Sophie G. – L’épidémie et la peur

Sophie – Epidémie peur
Ce travail a été fait d’après une processus proposé par Chantal Nahas

L’art et toi : transformer la peur par Chantal Nahas

Comment avez-vous procédé pour la concrétisation de votre esquisse ?

J’ai préparé, avec beaucoup de soin, tous les outils qui me semblaient nécessaires à cette production. Paradoxalement en ce temps de confinement où l’on devrait justement avoir plus de temps pour soi (surtout si l’on se retrouve au chômage partiel), j’ai le sentiment de m’octroyer enfin un temps essentiellement pour moi et durant lequel je vais peut-être pouvoir apaiser mon état général.
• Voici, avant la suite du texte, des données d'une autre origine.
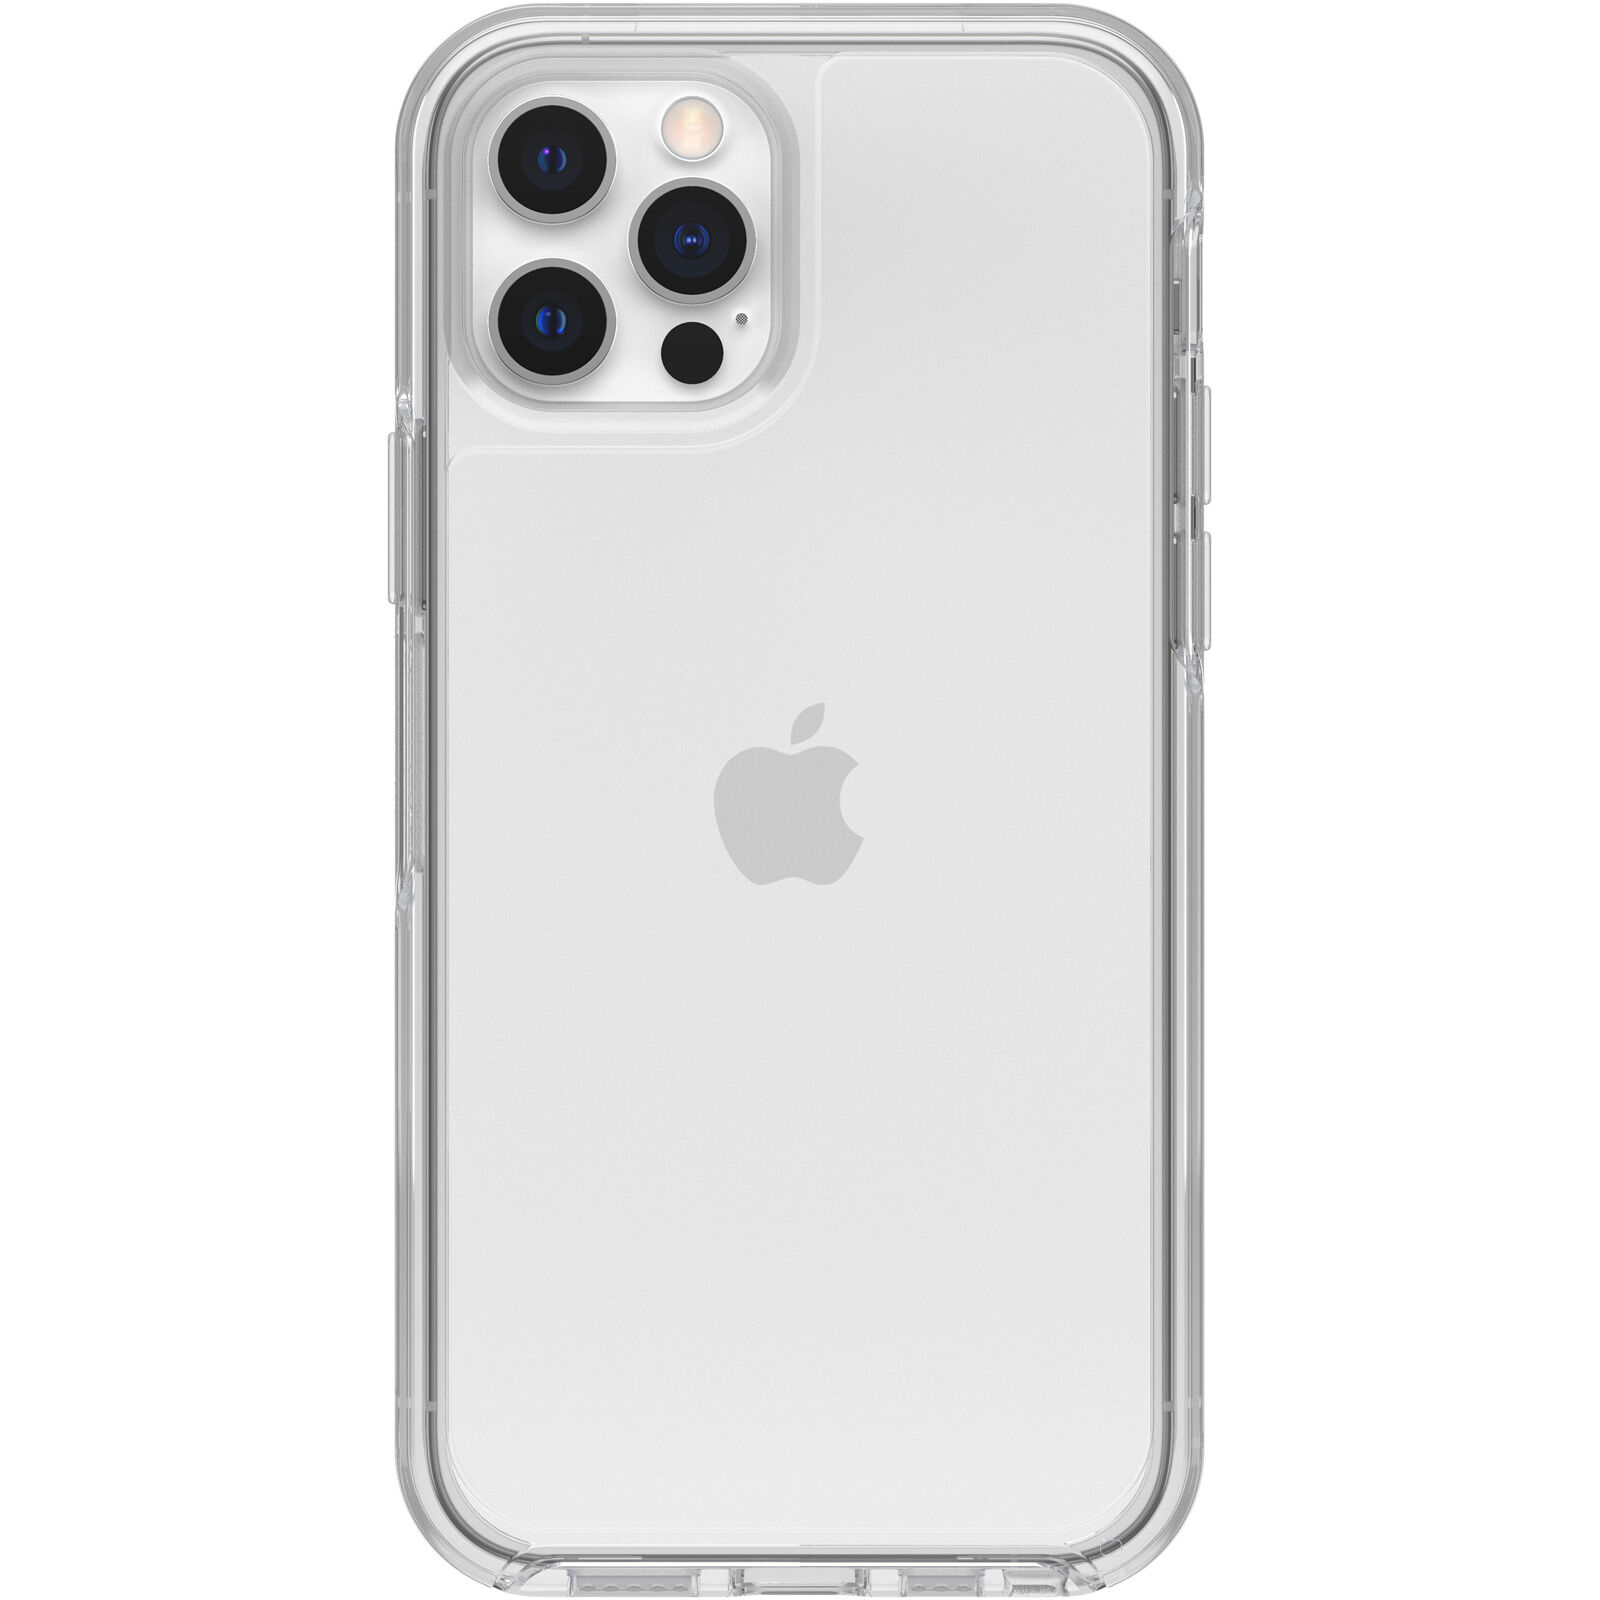 iPhone 12 Cases & Covers from OtterBox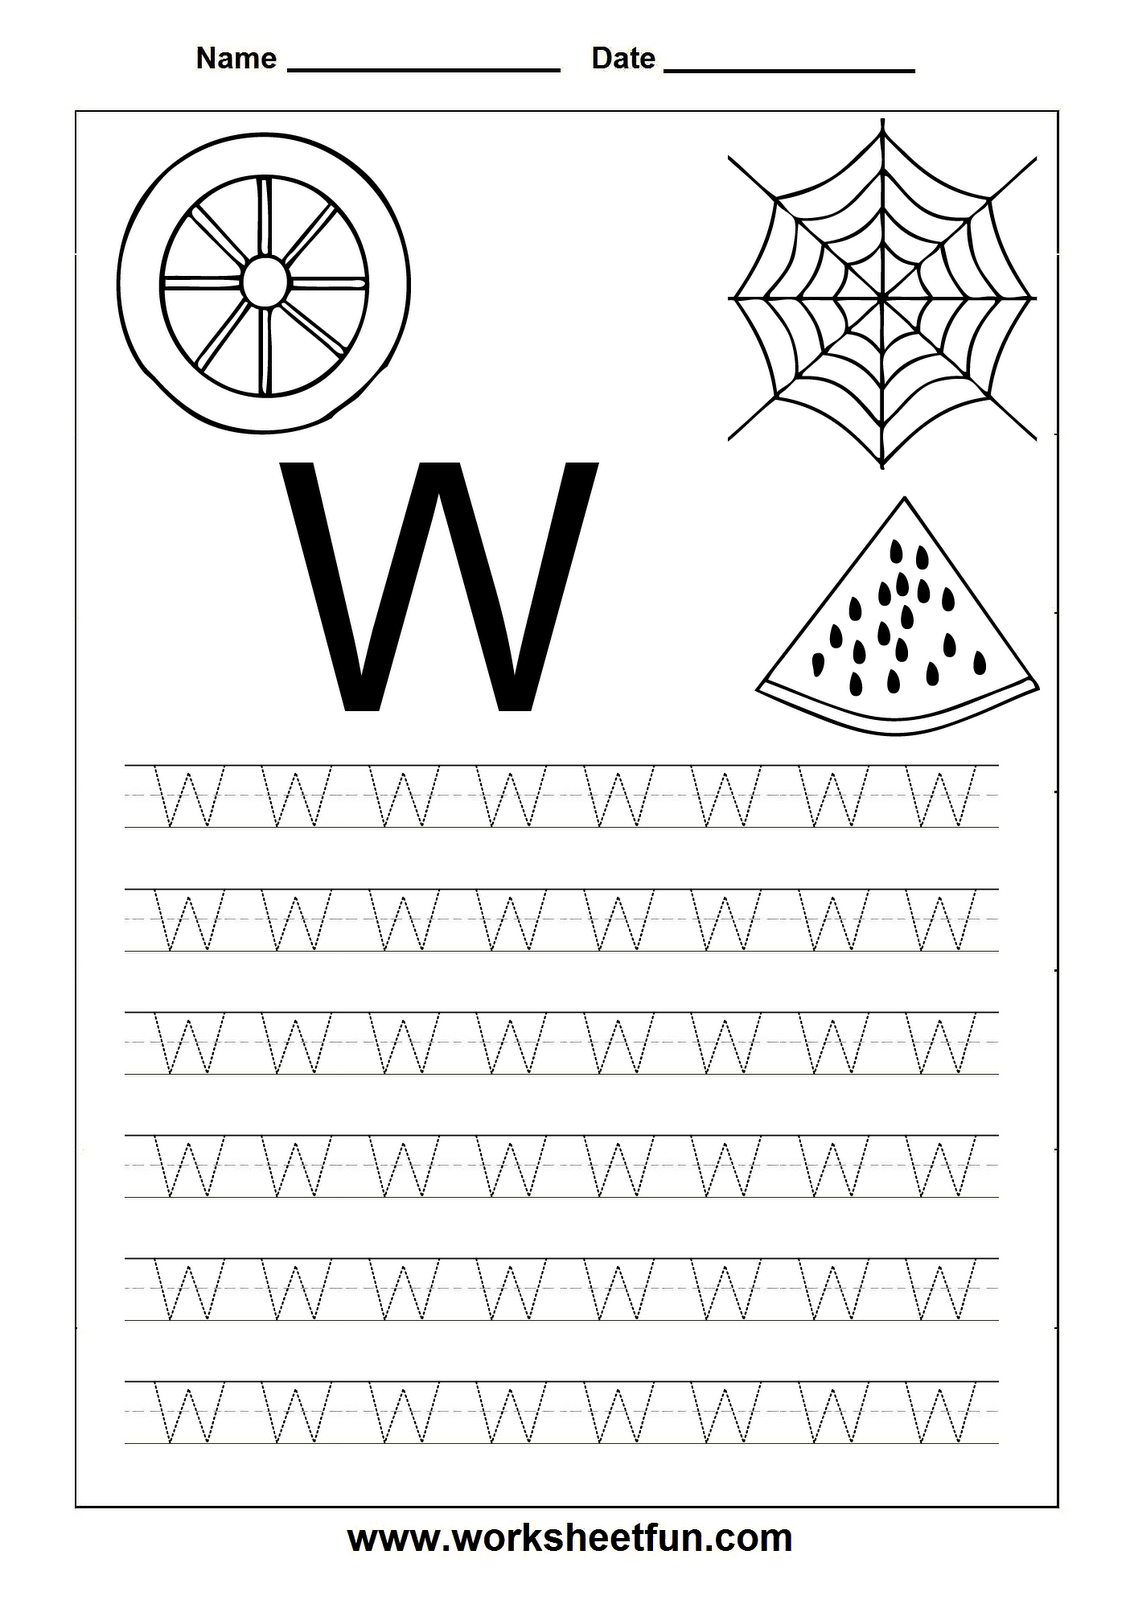 Free Printable Worksheets: Letter Tracing Worksheets For throughout Letter W Tracing Printable

J’ai donc particulièrement veillé à ne pas être dérangée durant ma production et surtout à ce que rien ne puisse venir rajouter à mes pensées ruminantes du moment comme par exemple la télévision ou mon portable que j’ai fait attention d’éteindre. Une fois tout en place, j’ai pu passer à la concrétisation de cette production.

Quels matériaux avez-vous utilisé ?

J’ai utilisé des crayons de papier HB et 2B, stylo bille de couleur noire, Une moitié de feuille Canson 300 g format raisin (ce qui donne 50×33 cm) destinée à l’aquarelle donc très épaisse pour pouvoir être libre d’utiliser n’importe quelle technique s’il m’en prenait l’envie, de la gouache aquarellable, et des pastels aquarellables également.

Qu’avez-vous ressenti tout au long de l’évolution de votre création ?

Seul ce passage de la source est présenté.